** Opening RECORDED INFORMATION block **

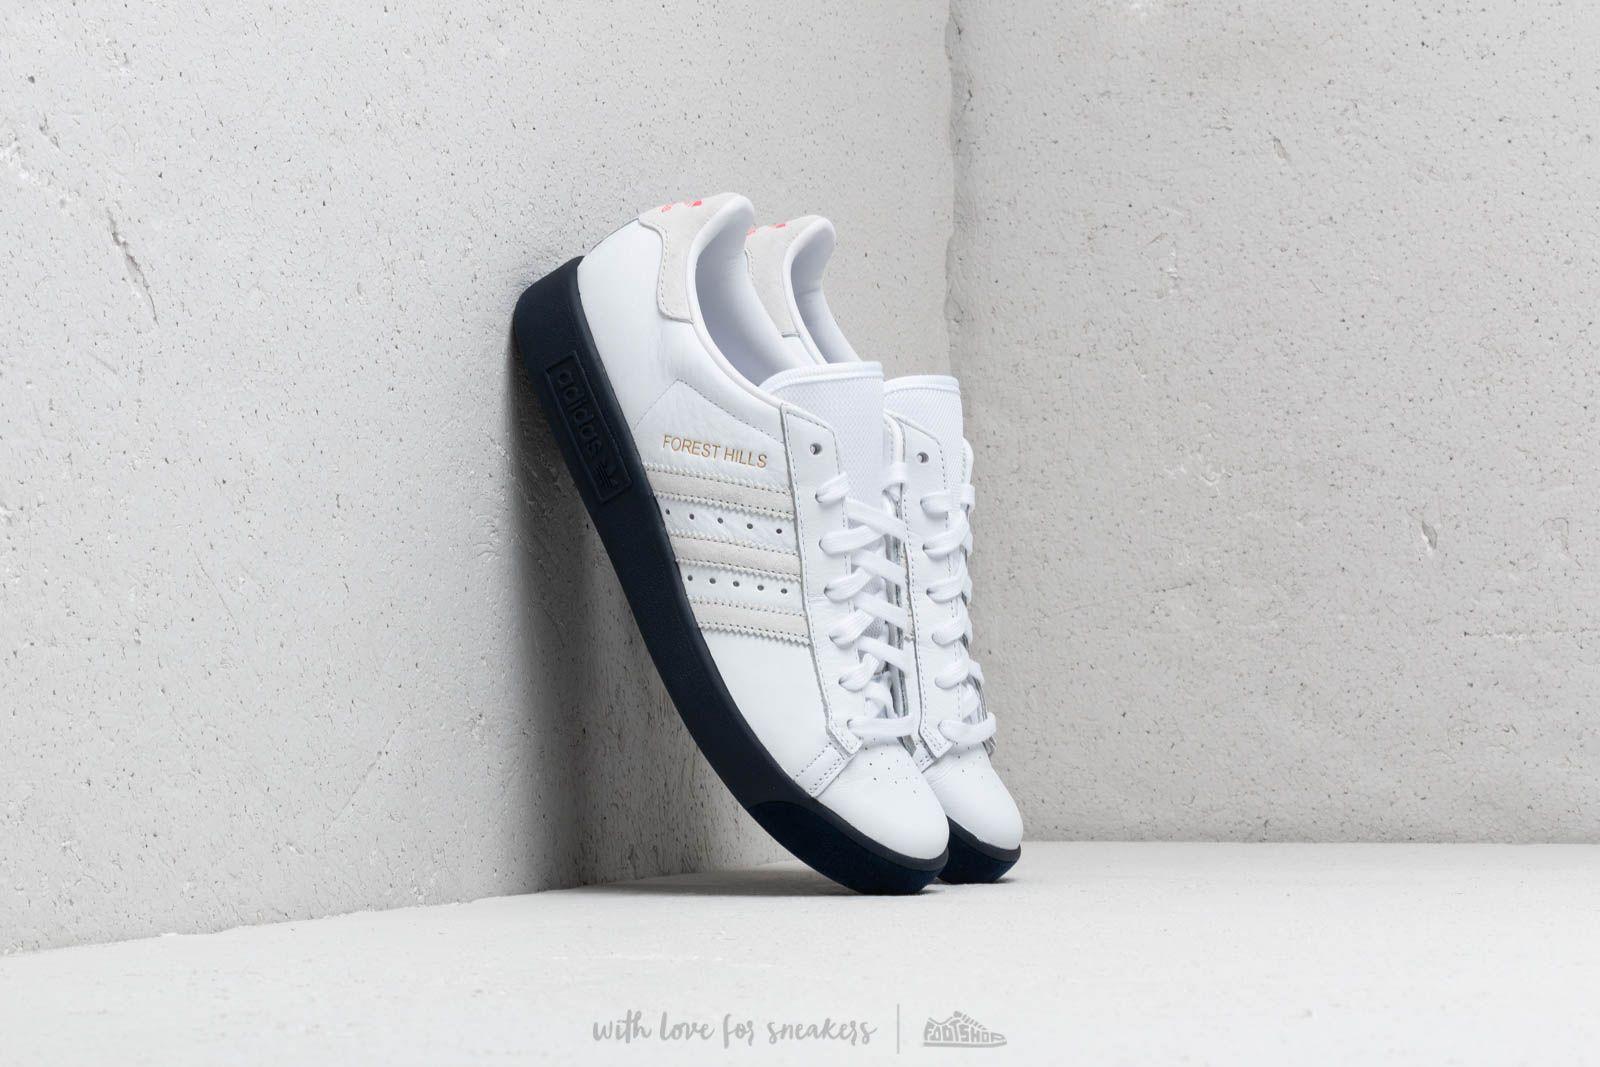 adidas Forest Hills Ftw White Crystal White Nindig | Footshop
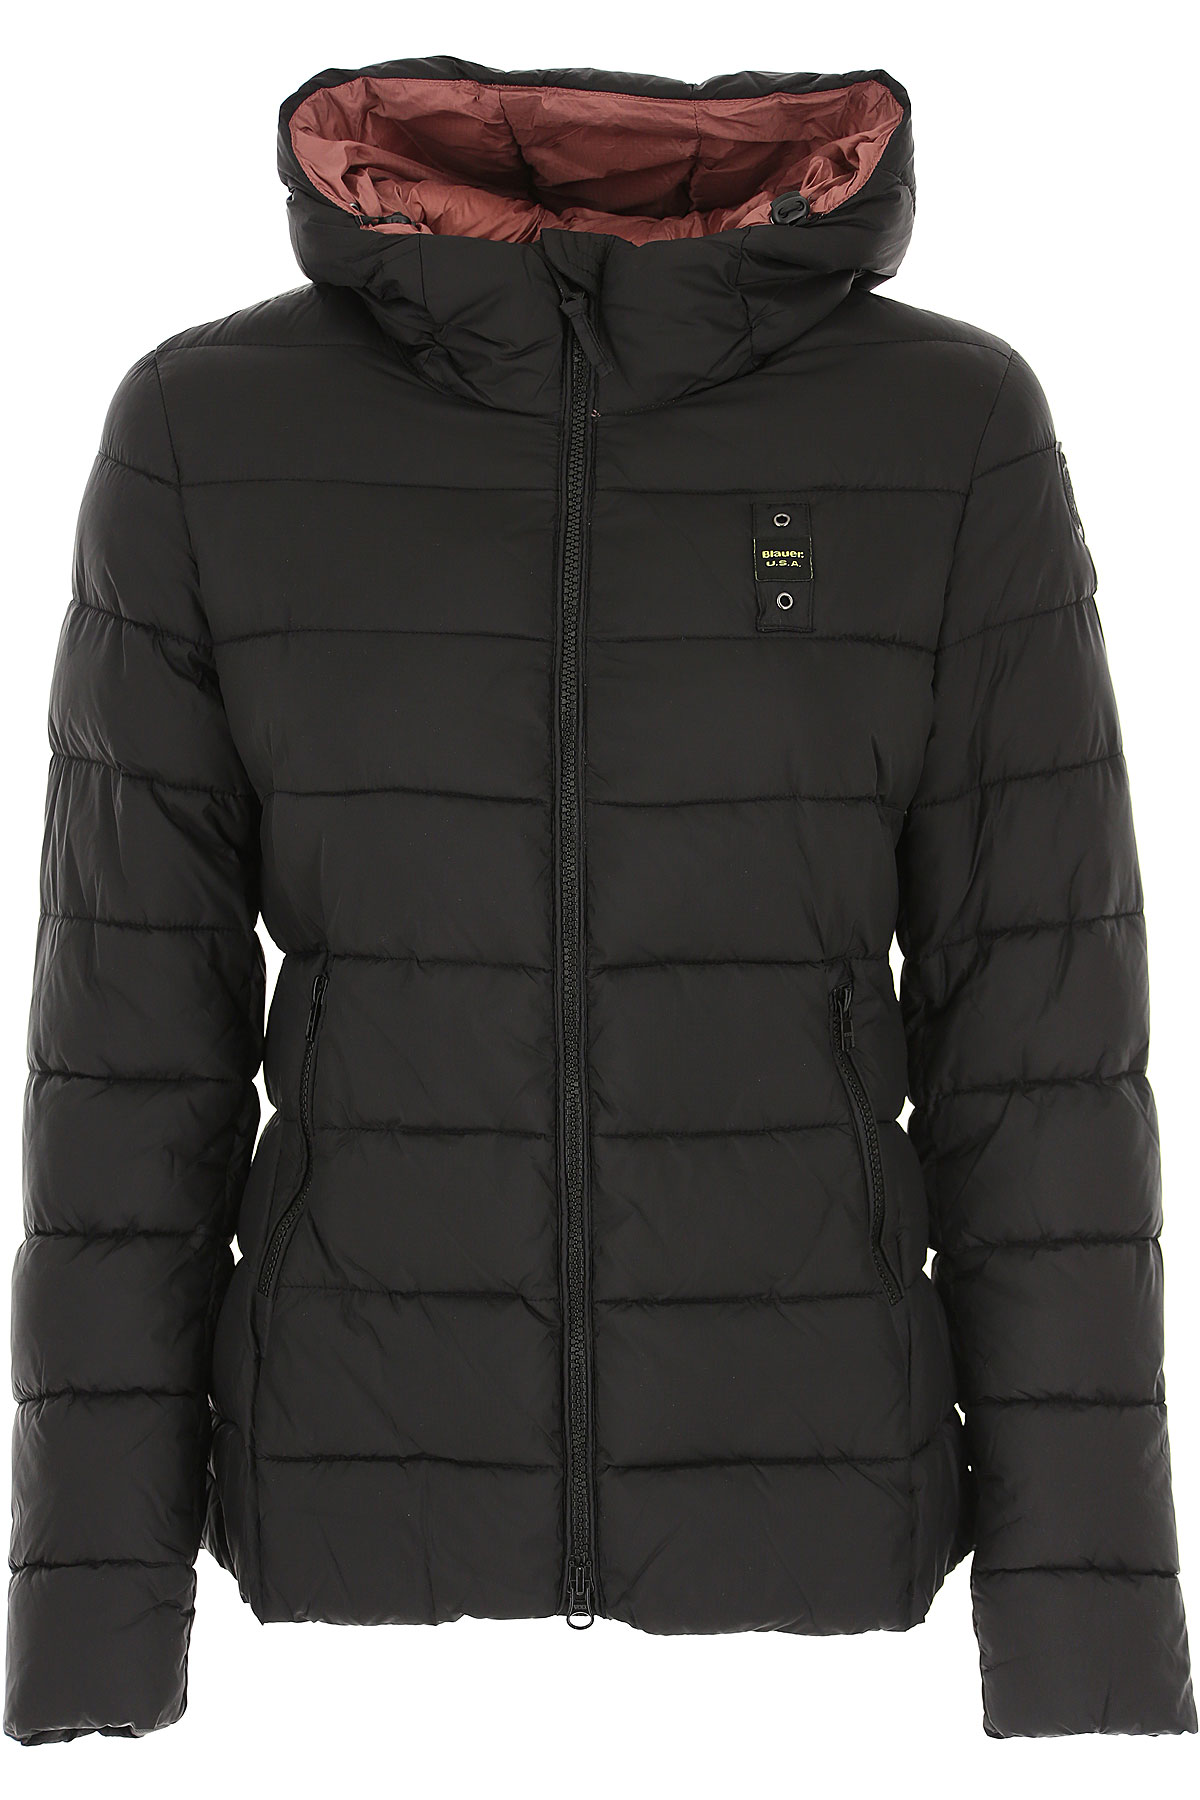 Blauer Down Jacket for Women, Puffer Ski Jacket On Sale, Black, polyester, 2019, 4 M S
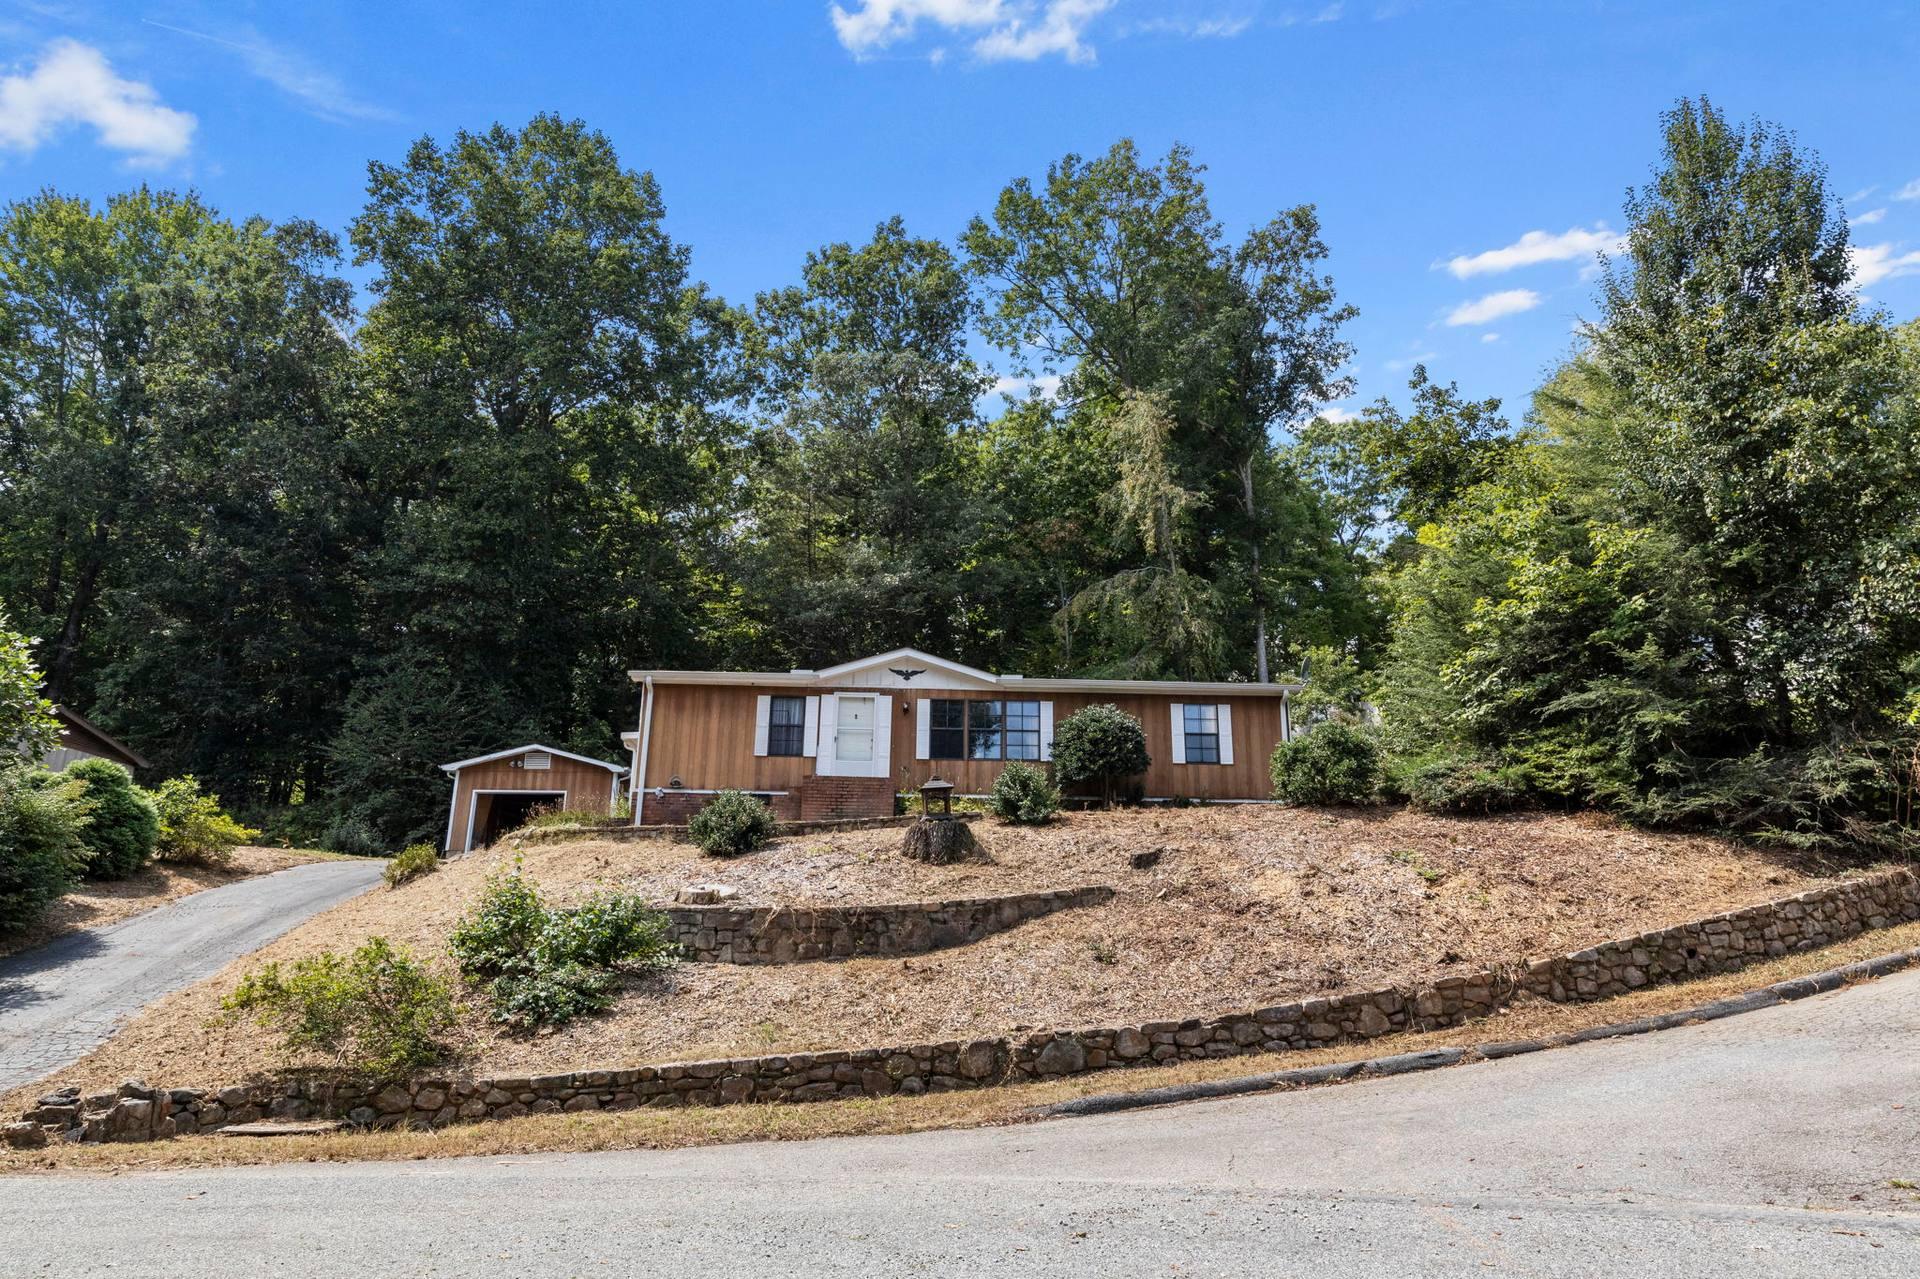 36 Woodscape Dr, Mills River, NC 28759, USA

** Closing RECORDED INFORMATION block **

* PROBLEM STATEMENT
Write the listing out exactly, word for word, but omit the pictures.

* EXERCISE SOLUTION
 adidas Forest Hills Ftw White Crystal White Nindig | Footshop
 Blauer Down Jacket for Women, Puffer Ski Jacket On Sale, Black, polyester, 2019, 4 M S
 36 Woodscape Dr, Mills River, NC 28759, USA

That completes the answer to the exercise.